Yeah, I know: get fitted professionally. OK, I did, and the dimensions I got from a Serotta fit cycle fitting are kinda weird: 

57 cm seat tube c-c with a 73 degree angle
55 cm top tube for my riding position with a 110 stem.

Good luck finding _that_ bike for less than 4500 custom build dollars!  

So, if I am looking for a used Colnago, I am thinking top tube first, worry about the rest when choosing stem, seat post, etc. I am hoping the shallow head tube angles of Il Maestro's legendary frames will help me fit onto a bike that seems simply too small on paper to fit my 5' 10", 35"-sleeve, Olympian Ideal of a body. [Please hold your applause until the end of the question.]
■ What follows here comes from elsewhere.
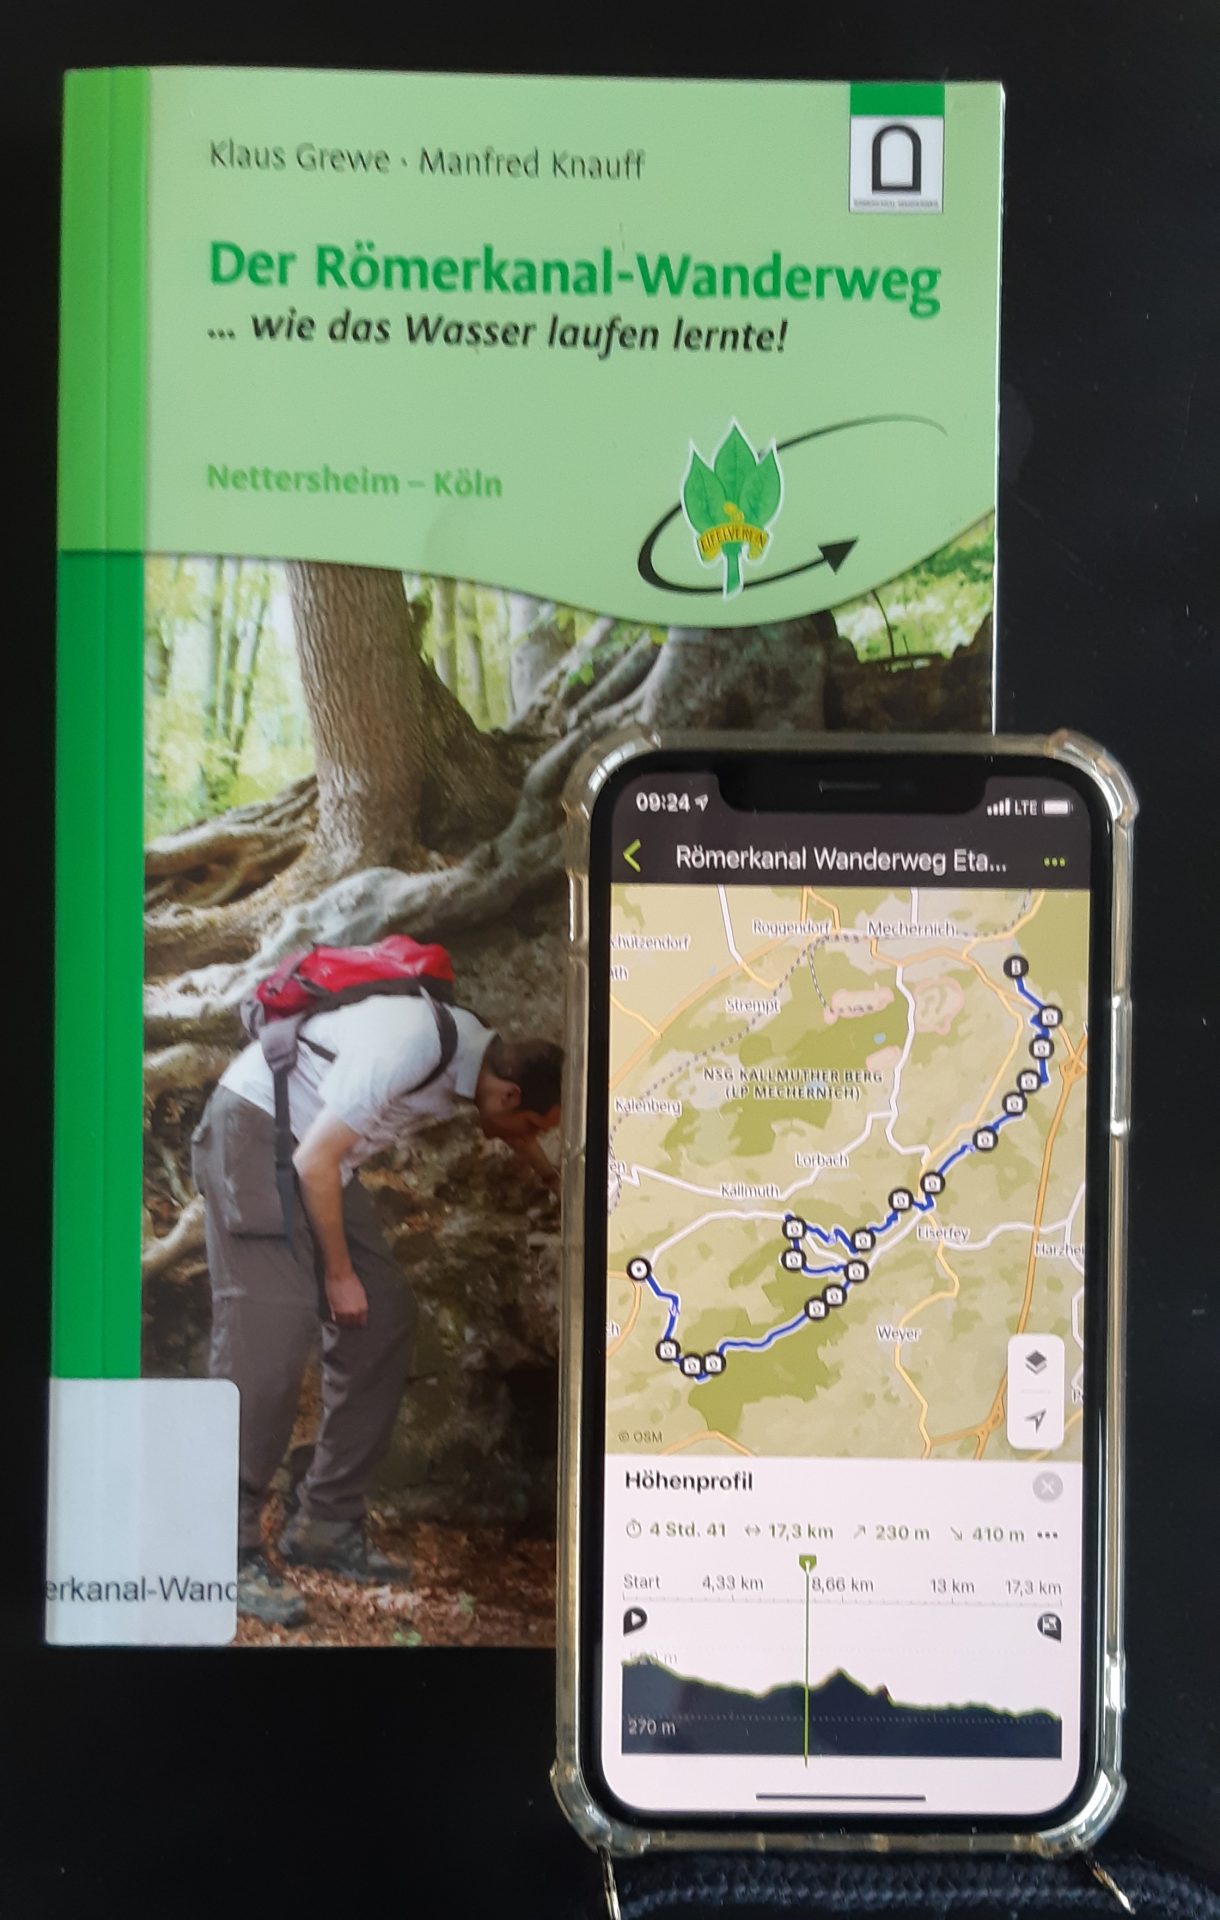 Buch "Der Römerkanal-Wanderweg" und Handy mit geöffneter Komoot-App

So, am I thinking right to be considering 56 cm Colnagos with their 55 cm top tubes, even thought their c-c seat tube dimension is only 54 cm? Is this gonna fit a normal seat post? Am I going to need so many spacers on the steerer tube that the thing will flex?

Help me, oh Experienced Ones!
Dino


----------



## terry b (Jan 29, 2004)

5'11", 35" sleeve and I ride both a 57 and 58 Colnago (I have 2 of the former and 1 of the latter)

My free opinion is that you'd be fine on a 56 or 57 or 58. There is such a small difference between them that you'd be able to make it up between seat post height and stem length. Don't stress on the seatpost height, it's <1/2" difference between each size. It's not like we're talking about the seatpost extension on a compact frame.  


The 55.7 TT on the 57 might be just fine.


----------